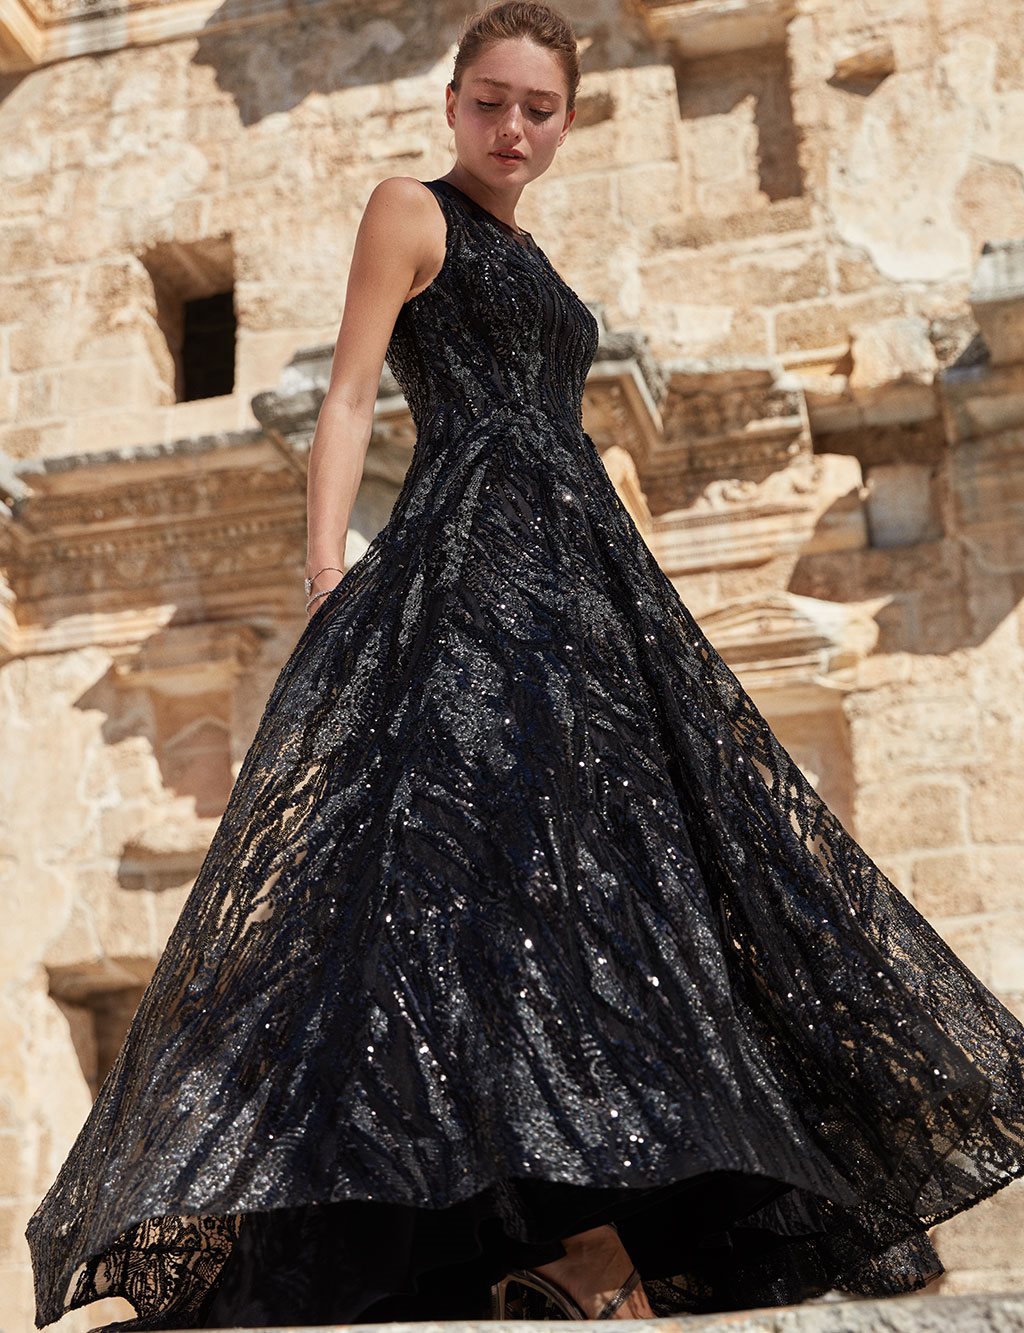 TIARA Collar Detailed Evening Gown With Sequin Details B9 26013 Black
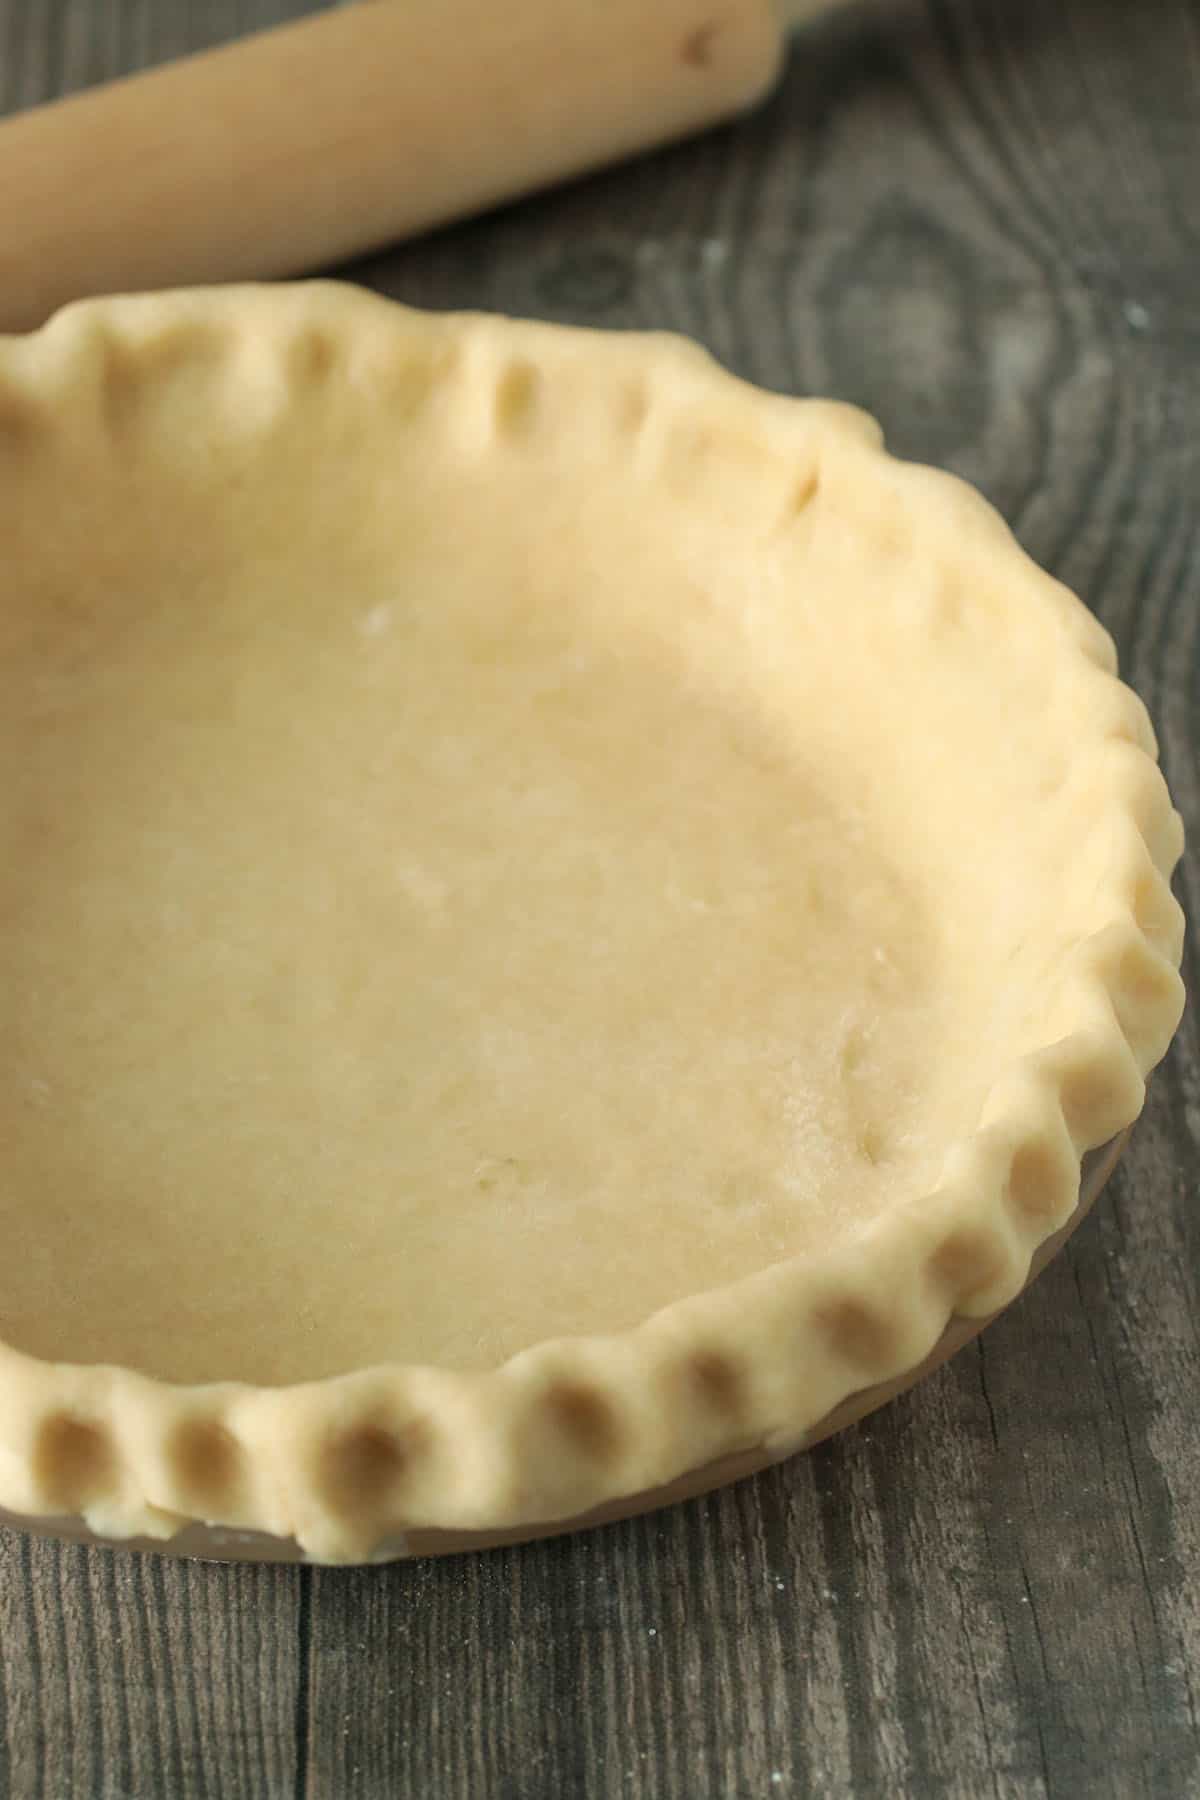 The shaped pie shell.
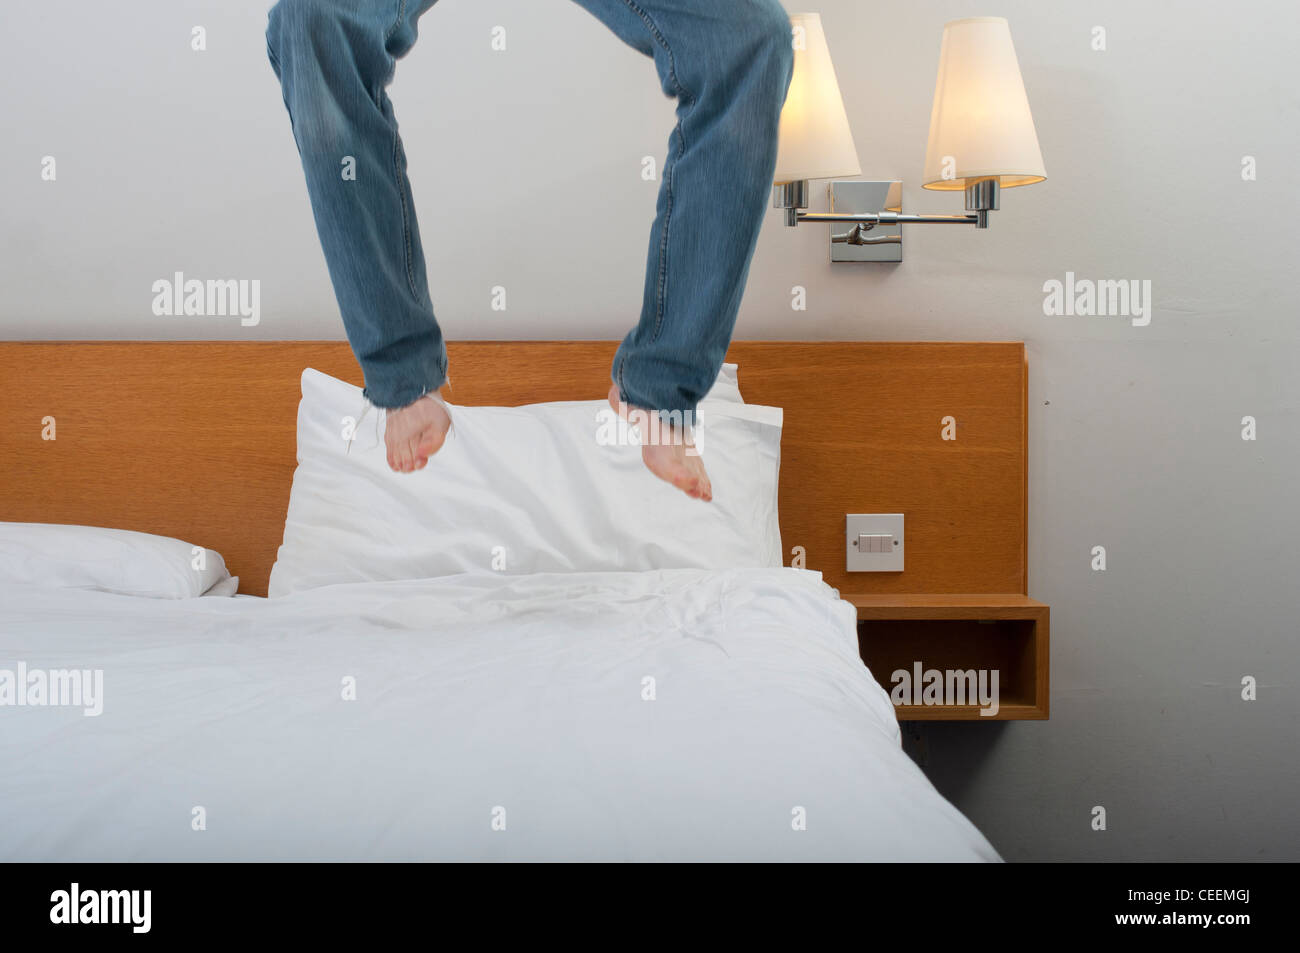 Bouncing on bed in hotel room legs in air above mattress. Stock Photo
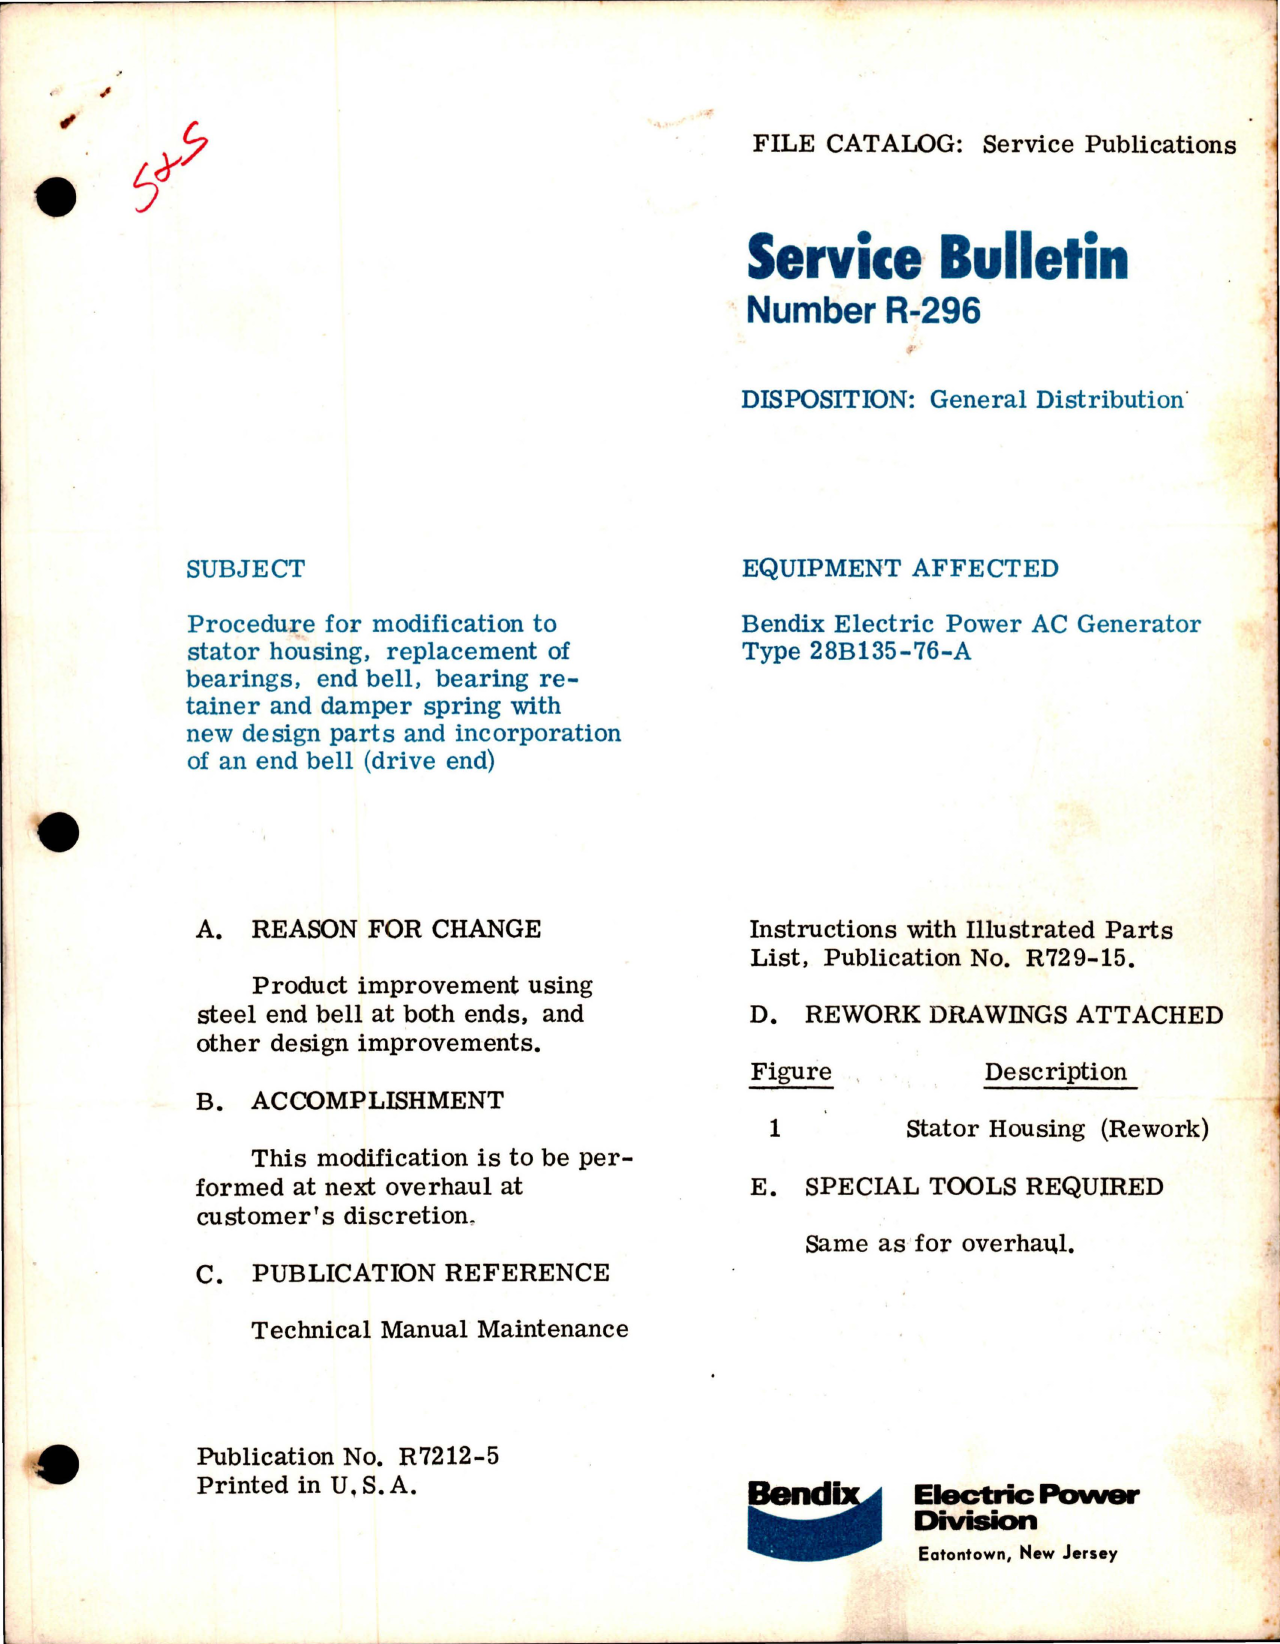 Sample page 1 from AirCorps Library document: Service Bulletin R-296 for Electric Power AC Generator - Type 28B135-76-A
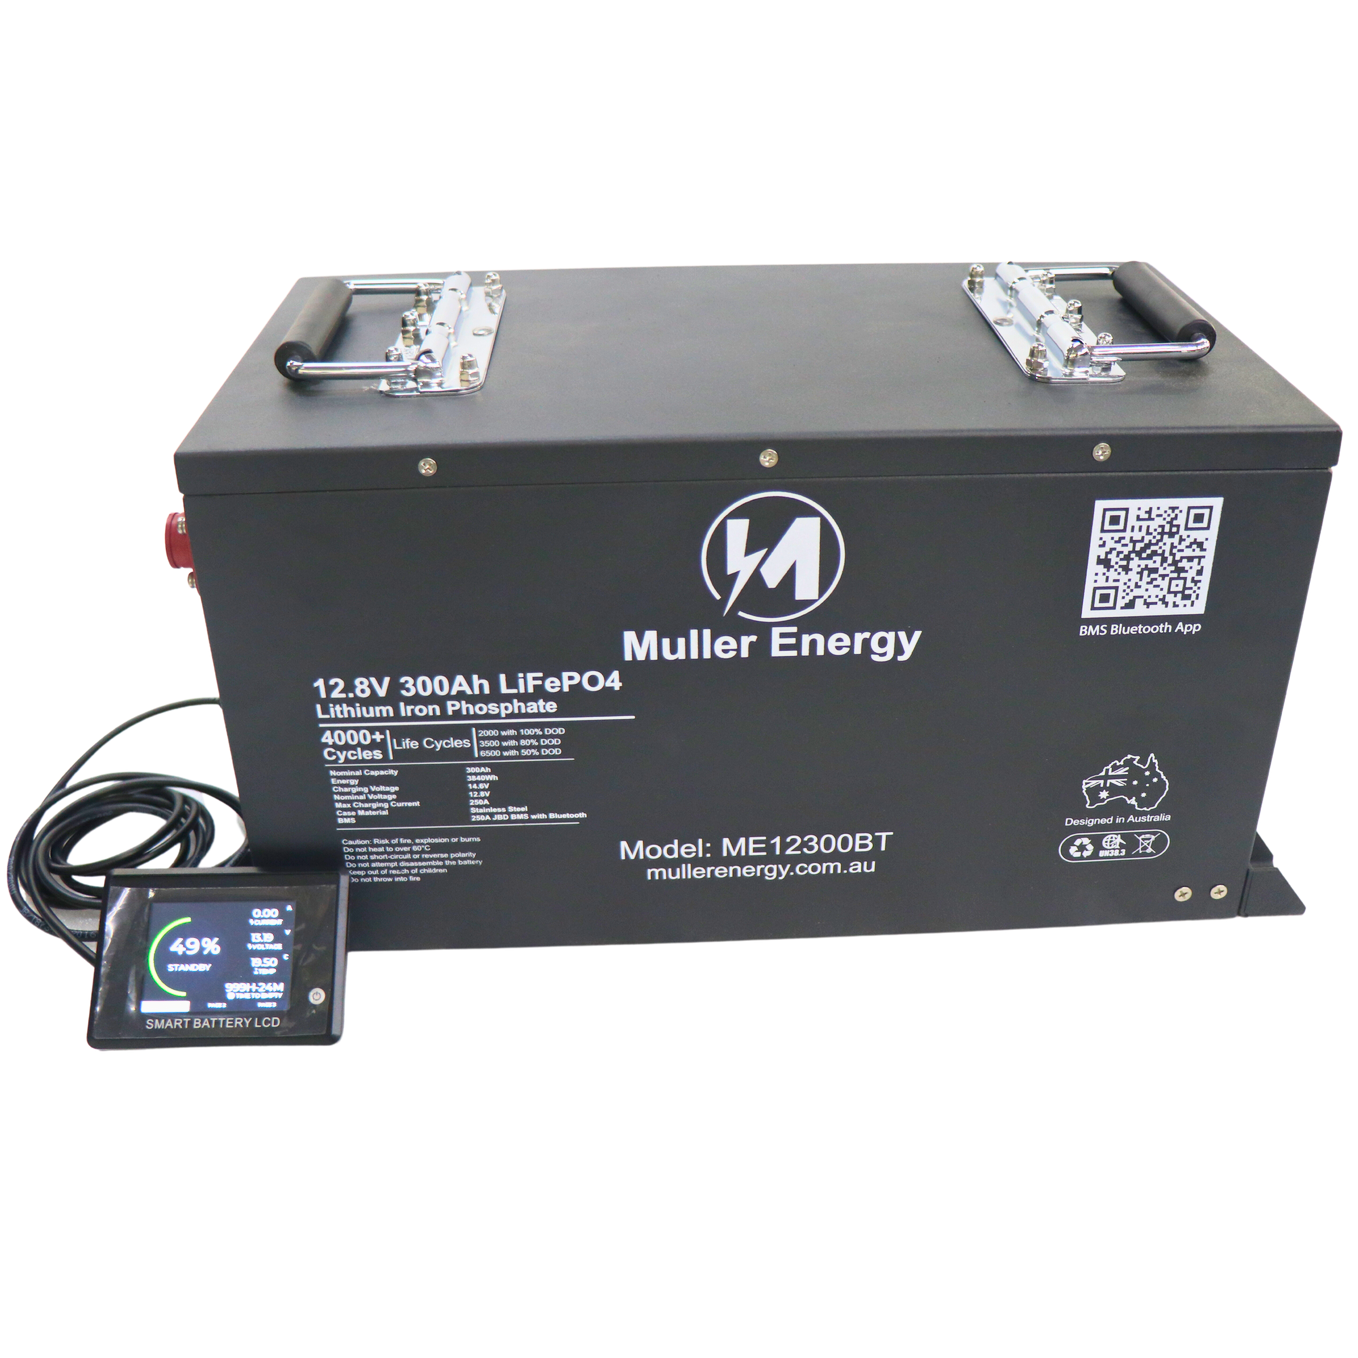 Muller Energy 12V 300Ah Lithium Battery LiFePO4 with Touchscreen

--- --- ---

EXERCISE AIM
Omit the images and transcribe all of the records above word for word.

OUTPUT
 TIARA Collar Detailed Evening Gown With Sequin Details B9 26013 Black
 The shaped pie shell.
 Bouncing on bed in hotel room legs in air above mattress. Stock Photo
 Sample page 1 from AirCorps Library document: Service Bulletin R-296 for Electric Power AC Generator - Type 28B135-76-A
 Muller Energy 12V 300Ah Lithium Battery LiFePO4 with Touchscreen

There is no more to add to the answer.